◆ What to produce ◆
Skip the images and copy each record exactly as written.

◆ Task material ◆

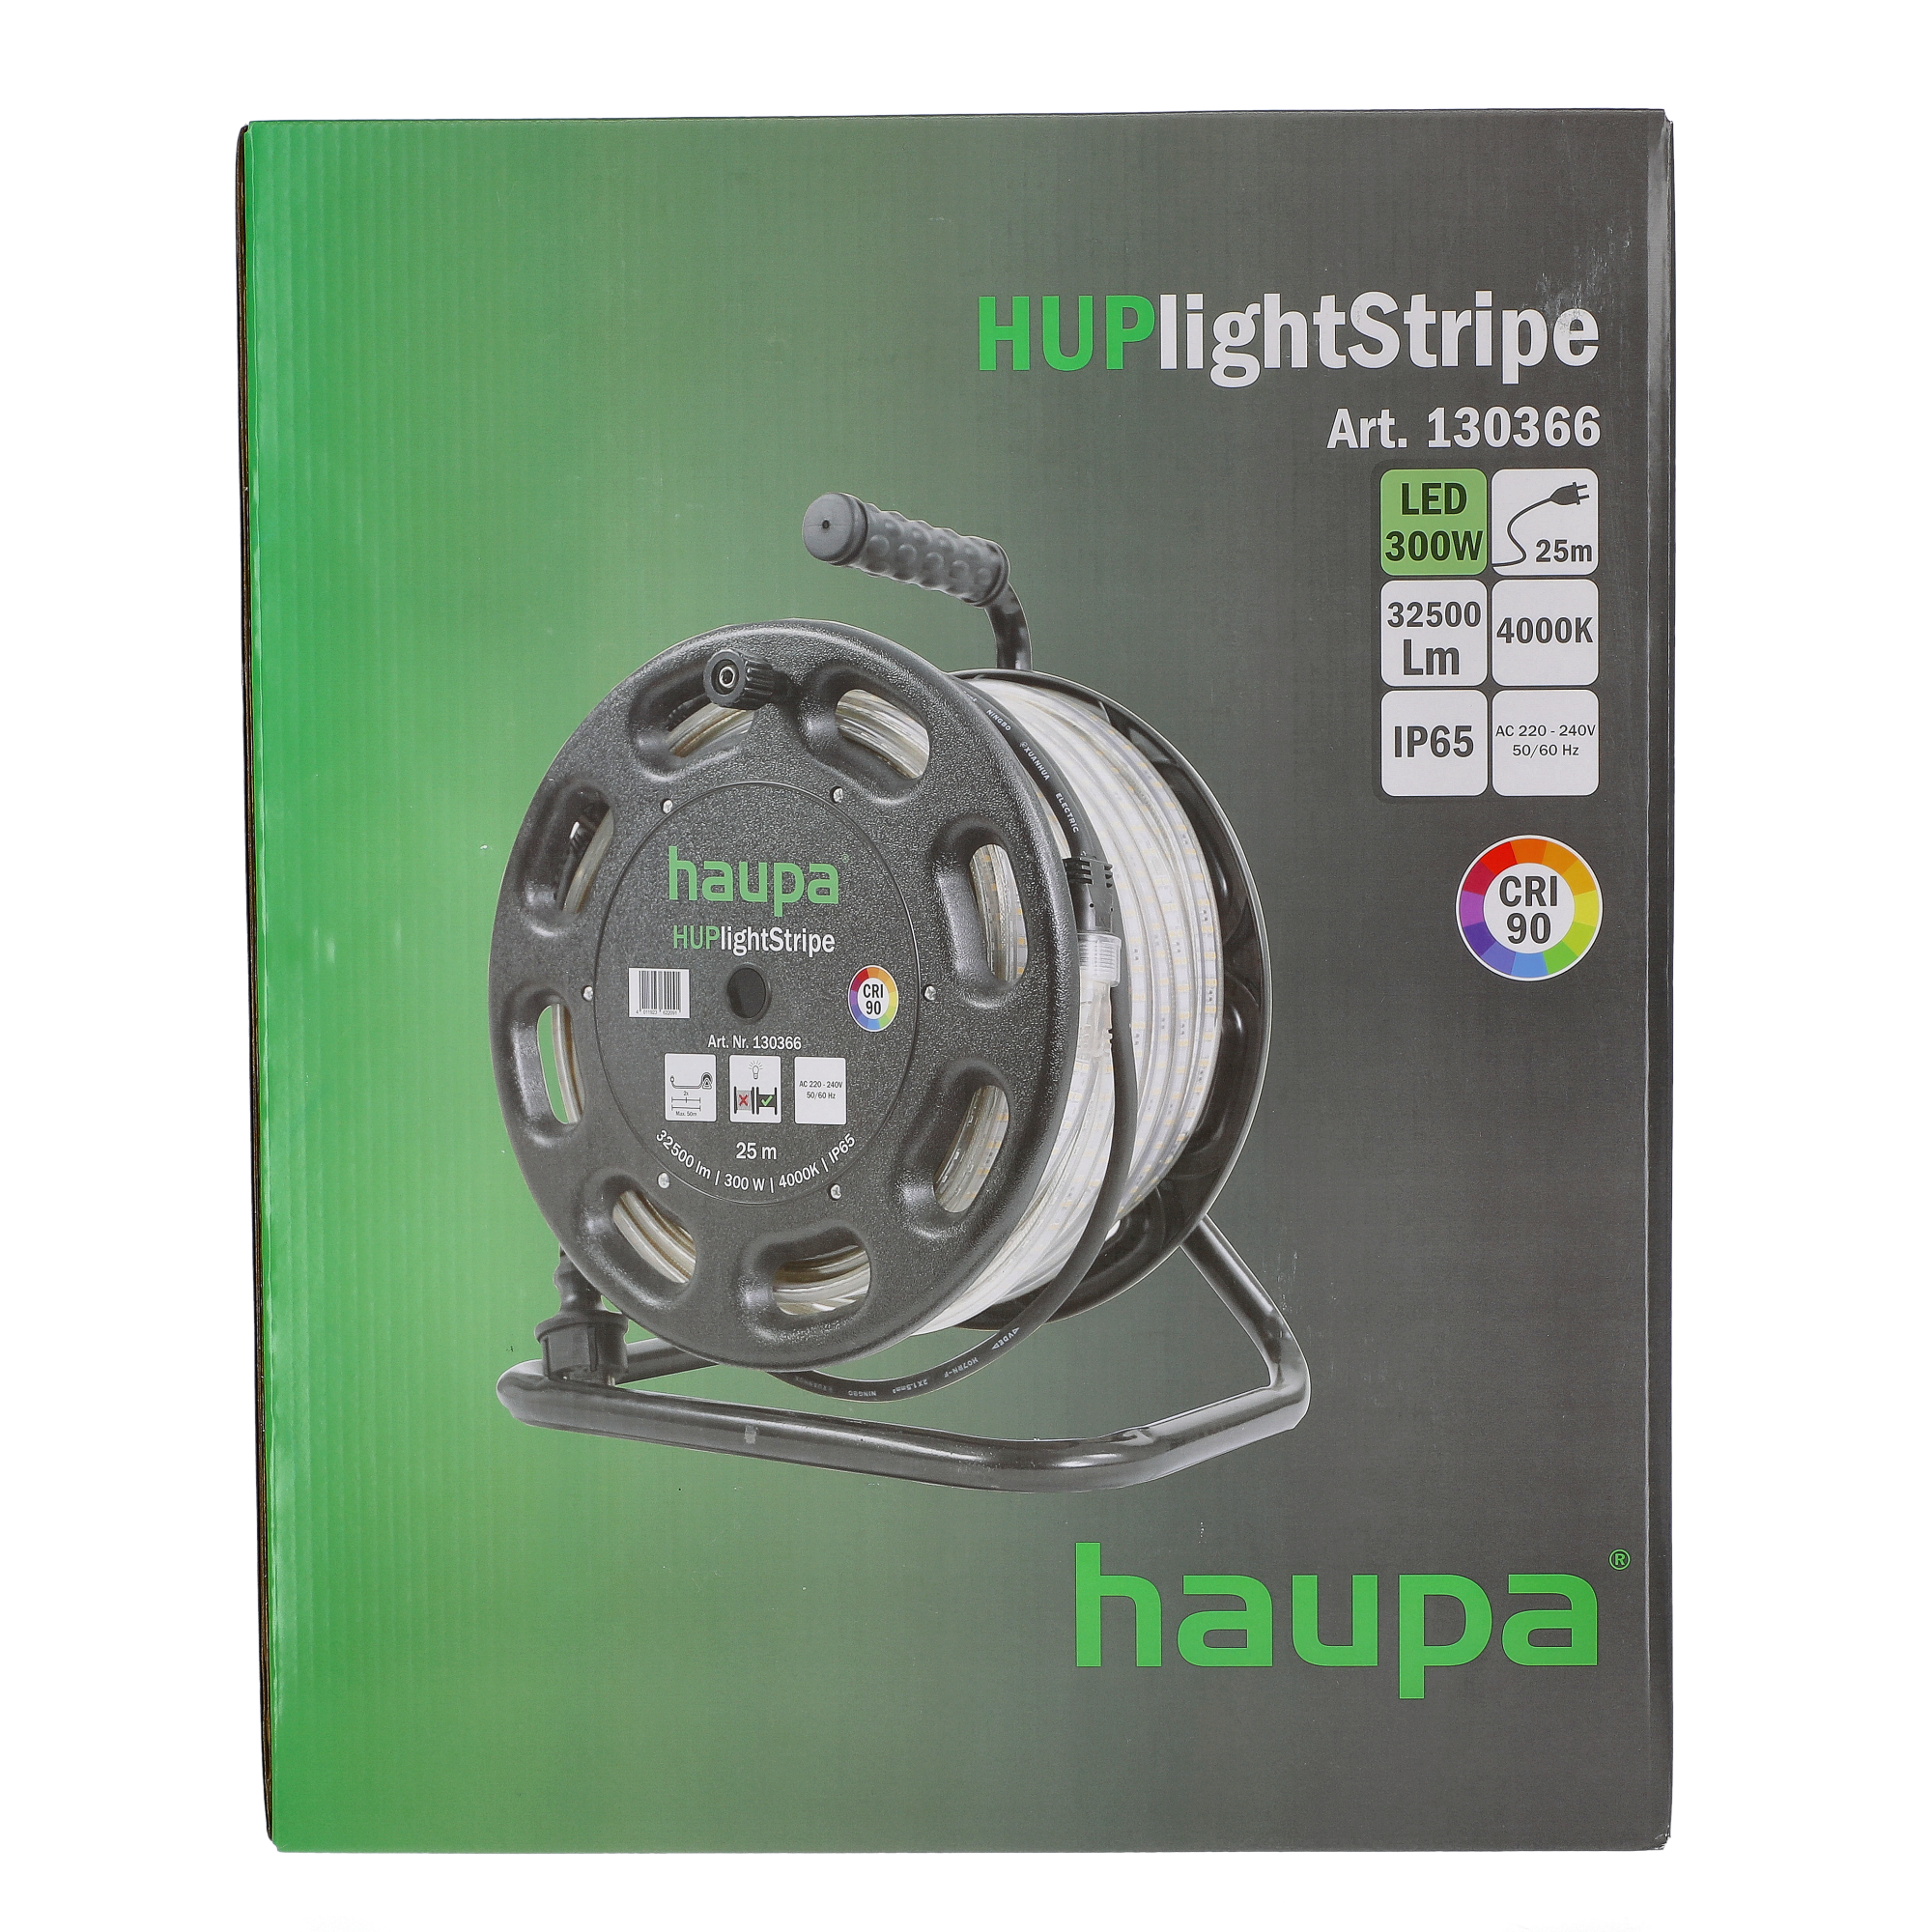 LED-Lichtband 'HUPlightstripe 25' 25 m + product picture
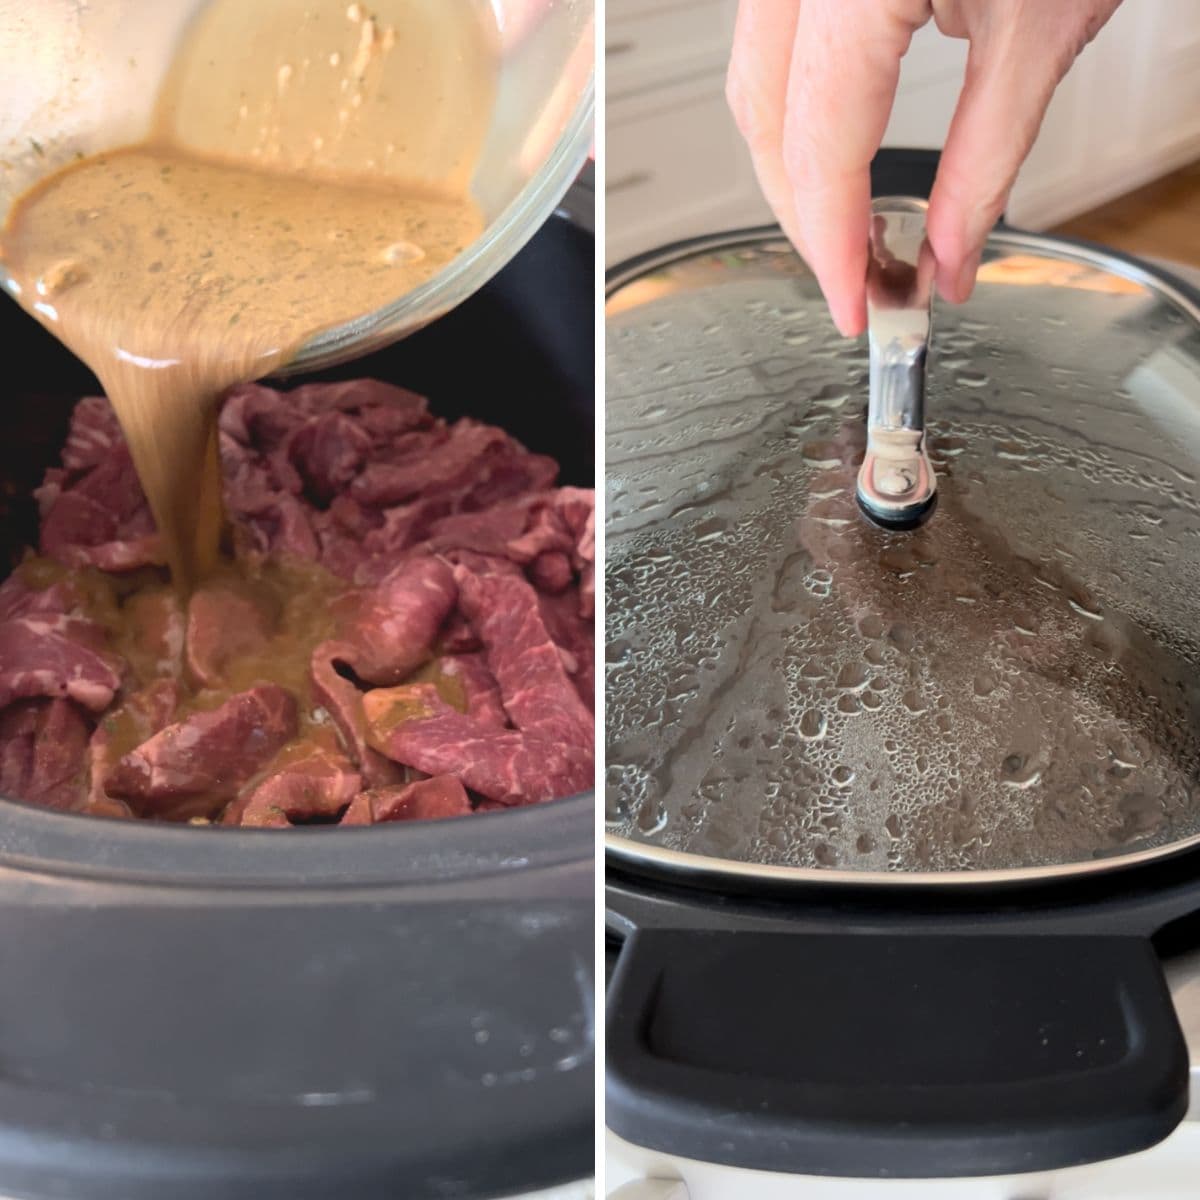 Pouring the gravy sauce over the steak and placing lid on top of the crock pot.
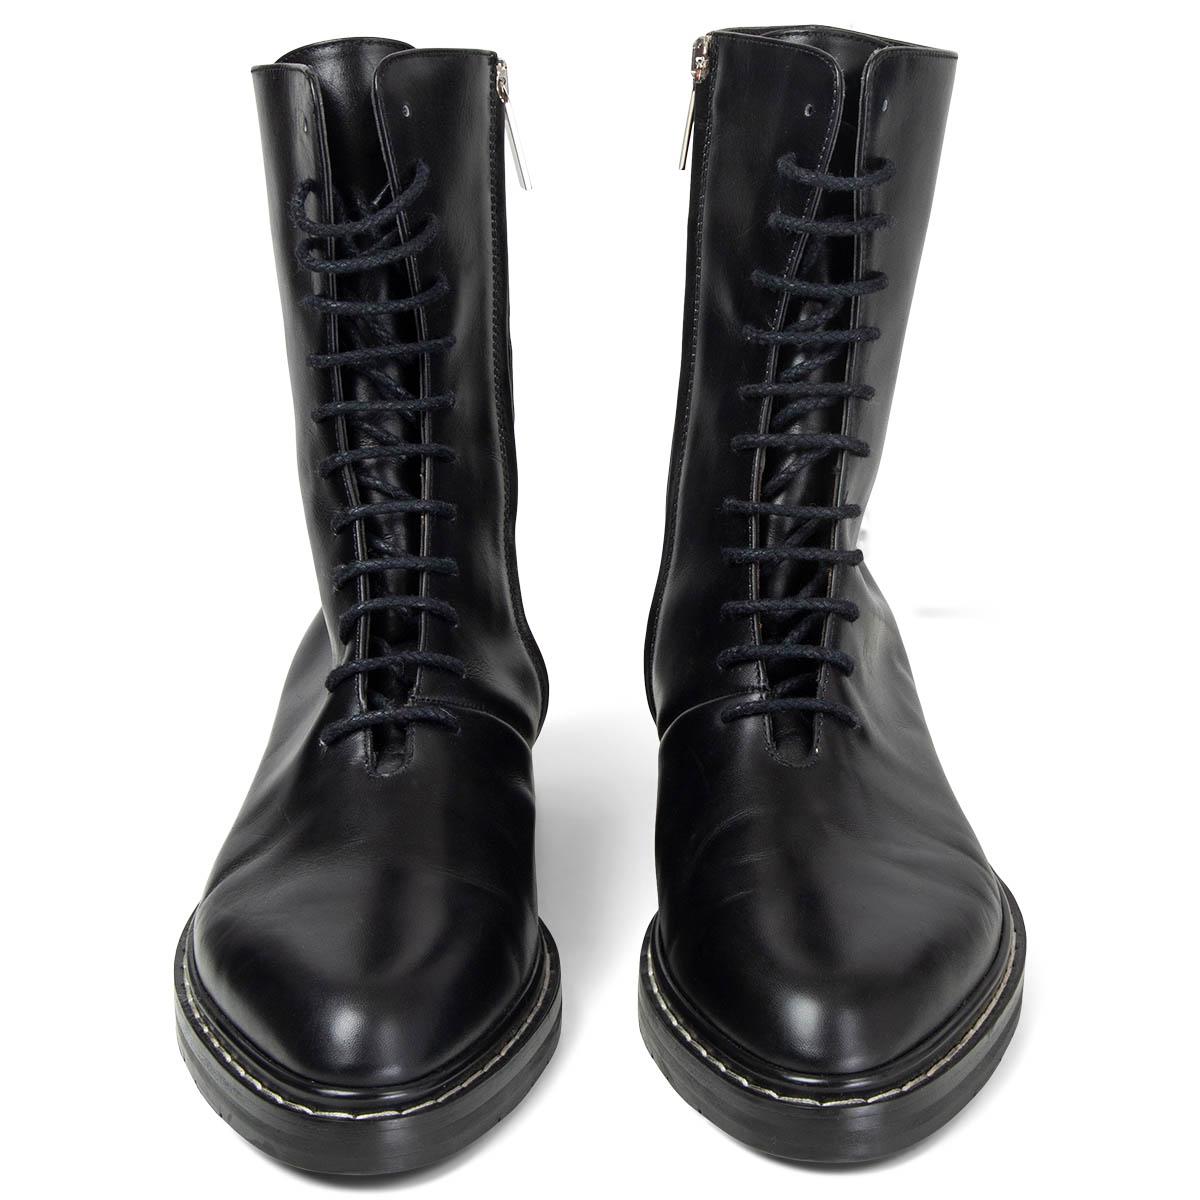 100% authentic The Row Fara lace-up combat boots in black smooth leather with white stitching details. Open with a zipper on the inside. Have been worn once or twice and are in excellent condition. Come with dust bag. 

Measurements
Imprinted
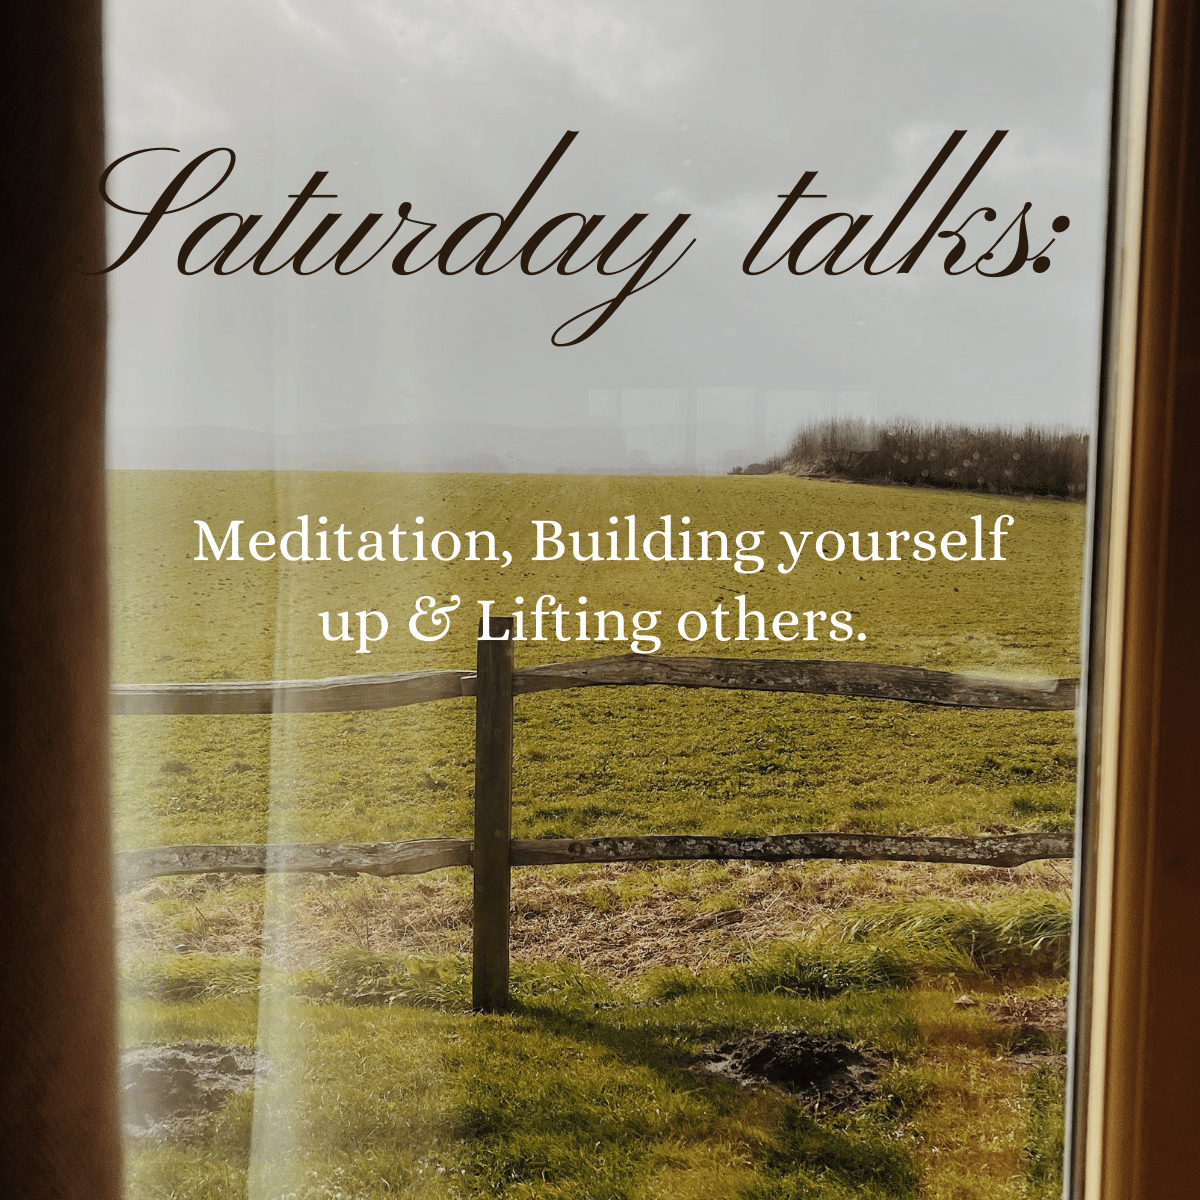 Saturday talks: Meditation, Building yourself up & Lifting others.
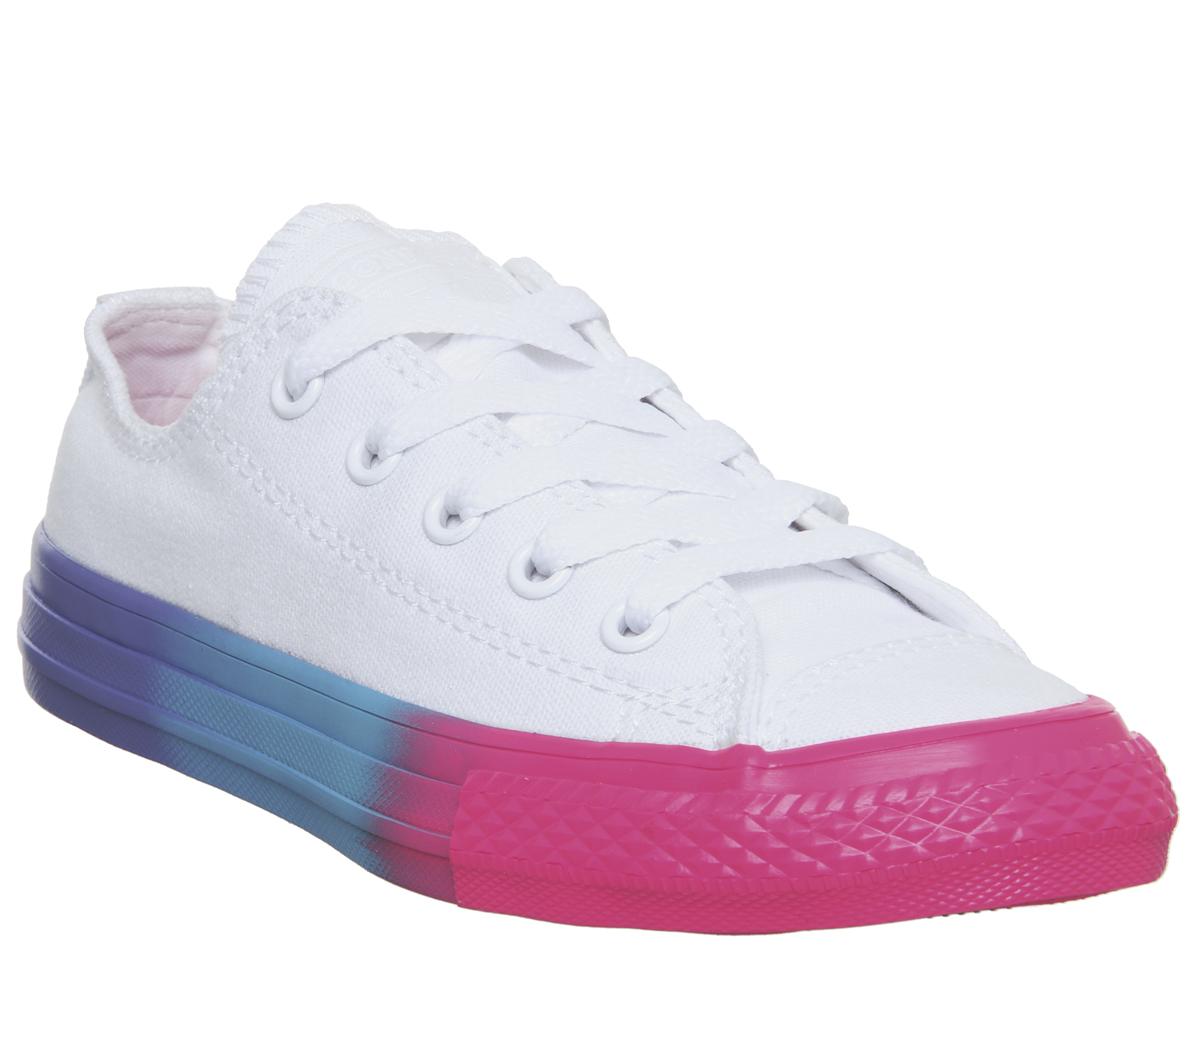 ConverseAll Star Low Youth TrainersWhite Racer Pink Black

◆ Result ◆
 LED-Lichtband 'HUPlightstripe 25' 25 m + product picture
 Pouring the gravy sauce over the steak and placing lid on top of the crock pot.
 100% authentic The Row Fara lace-up combat boots in black smooth leather with white stitching details. Open with a zipper on the inside. Have been worn once or twice and are in excellent condition. Come with dust bag. 

Measurements
Imprinted
 Saturday talks: Meditation, Building yourself up & Lifting others.
 ConverseAll Star Low Youth TrainersWhite Racer Pink Black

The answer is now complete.